September 19, 1970 (Attendance: 1,500. Price: £1 including free milk from the farm)
Michael Eavis, having boogied at a Blues festival at the Bath and West Showground, was inspired to begin a festival of his own, although on a smaller scale. On September 19, 1970, the day after Jimi Hendrix died, Eavis held a festival that attracted the likes of Marc Bolan, Keith Christmas, Stackridge and Al Stewart. After two days' worth of festivities word had got around.
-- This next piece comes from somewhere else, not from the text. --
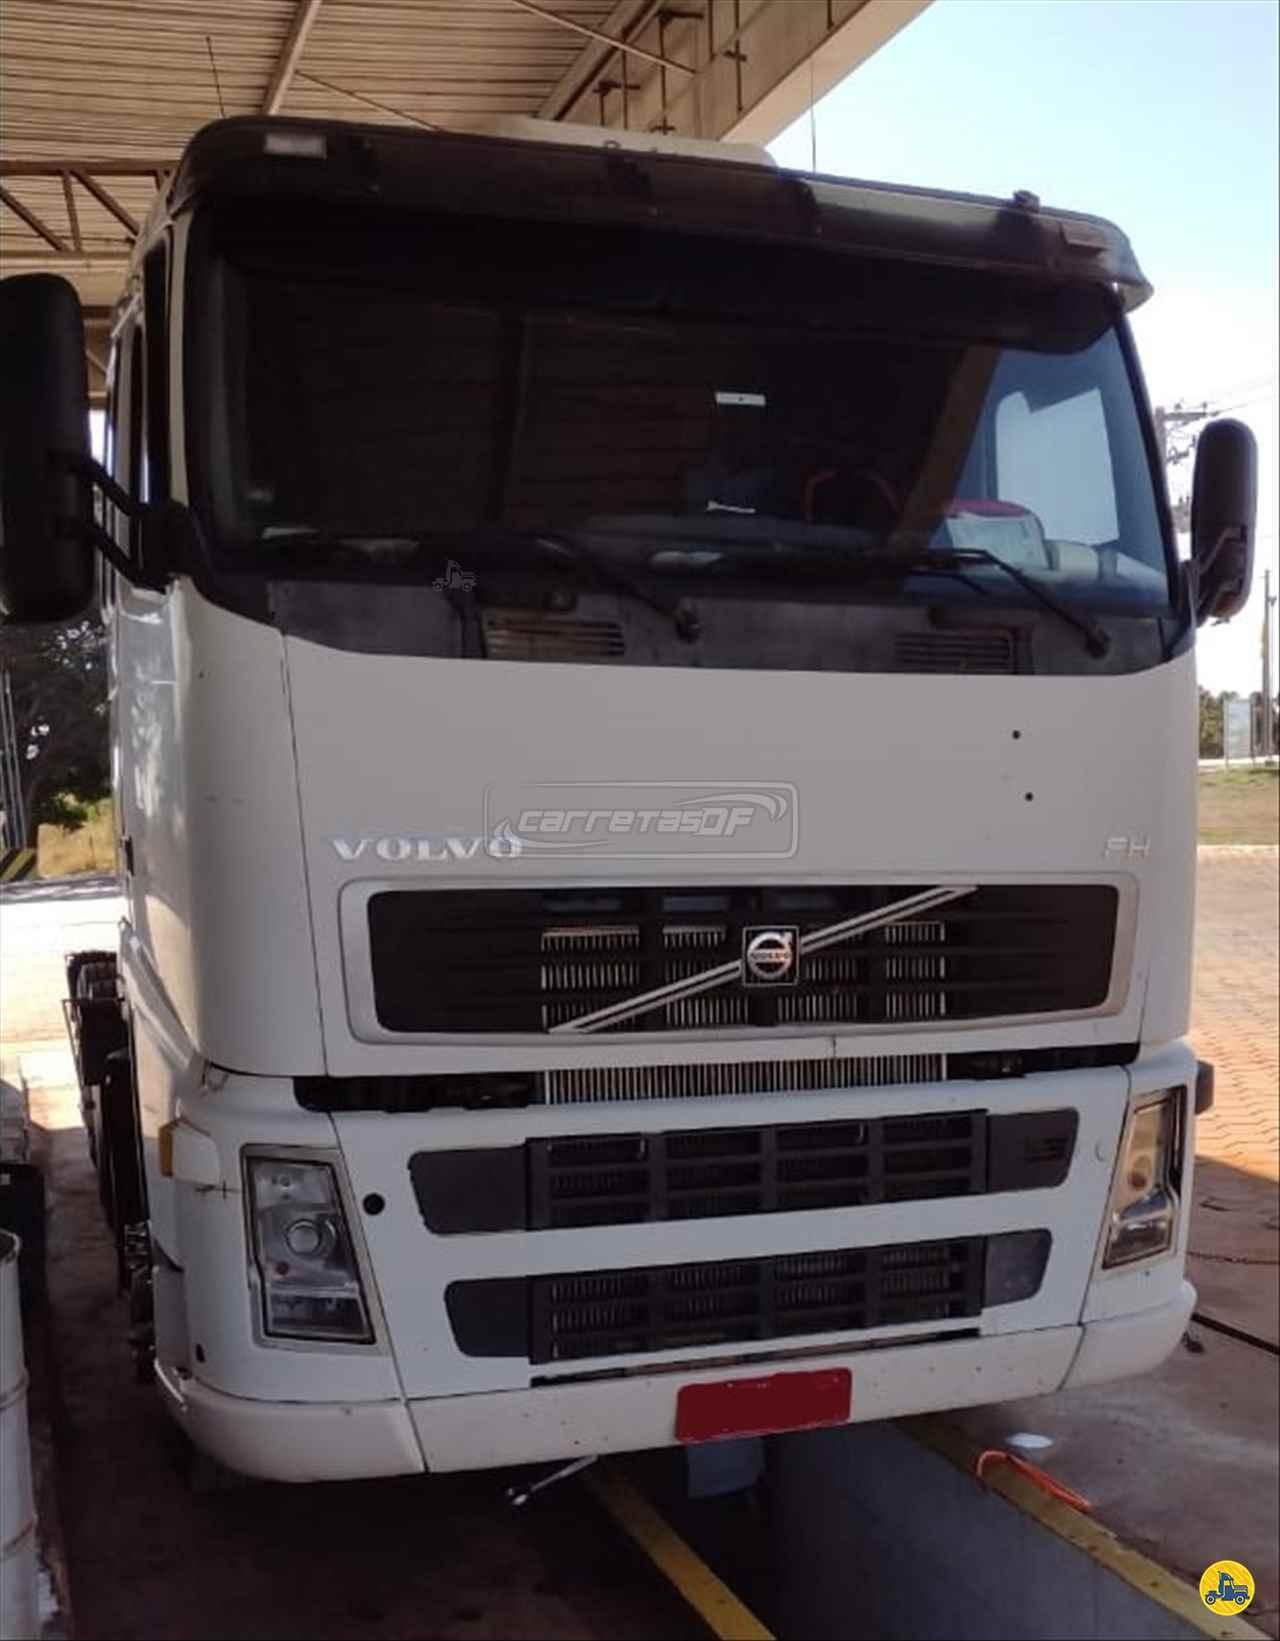 CAMINHAO VOLVO VOLVO FH 420 Cavalo Mecânico Truck 6x2 CARRETAS DF - NOMA BRASILIA DISTRITO FEDERAL DF

“It was 1971 and I was bottom of the bill. My going onstage time was delayed, so what better way to pass the time than ensconced in the farmhouse along with a crew of latter-day hippies and all kinds of mushrooms. By the time I was due to perform I was flying and could hardly see my little electric keyboard or my guitar.” (David Bowie). Courtesy of: Glastonbury – An oral history of the music, mud & magic by Crispin Aubrey & John Shearlaw.
June 20 - 24, 1971 (Attendance: estimated at 12,000. Price: free)
The next year, Andrew Kerr (former director of the research team which had worked on Randolph Churchill's biography of his father, Sir Winston) and Arabella Churchill (late granddaughter of Sir Winston Churchill) approached Eavis with an idea to put together a free festival that would offer something different amidst the saturation of over-commercialised festivals around at the time. A few supporters (including the model Jean Shrimpton) following the same ideal helped pay for the festival, thereby making it a free event (those were the days…) and Eavis agreed to his dairy farm being the perfect spot to hold the event. The festival moved dates so as to coincide with the Summer Solstice and became known as the “Glastonbury Fayre”.
A medieval tradition of music, dance, poetry, theatre, lights and spontaneous entertainment was the order of the day, all of which pleased the festival’s throng immensely. Using scaffolding and expanded metal covered with plastic sheeting, the first “pyramid” stage was constructed on a site above the Glastonbury-Stonehenge ley line. The musicians performing that year, including David Bowie and Joan Baez, helped produce a now very rare album and a film called “Glastonbury Fayre” which captured the festival fun using a filmic style not dissimilar to the original Woodstock documentary. The 1971 festival signalled the beginning of something very exciting and is widely remembered as a significant moment in the history of youth culture and ecological/ethical awareness.
June 28 - July 8, 1978 (Attendance: 500. Tickets: N/A)
The arrival of travellers (washed out from Stonehenge) believing there was a festival taking place, led the festival of 1978 to be known as the “impromptu” festival, and rightly so. Following persuasive discussion, a free mini-festival did indeed take place despite little organisation and few available facilities. This somehow didn’t matter - the stage was powered by an electric motor in a caravan with the cable running to the stage.
June
21 - 23, 1979 (Attendance: 12,000. Tickets: £5)
The festival was still referred to as the Glastonbury Fayre but now ran over three days. Bill Harkin and Arabella Churchill, who were in charge on this occasion, turned to Michael Eavis for financial backing. Putting his livelihood in the hands of his idea’s success, Eavis secured a bank loan against the deeds of his farm. Taking the theme of “The Year of the Child”, the festival of 1979 provided special provision and entertainment for children and the concept of the Children’s World charity was born.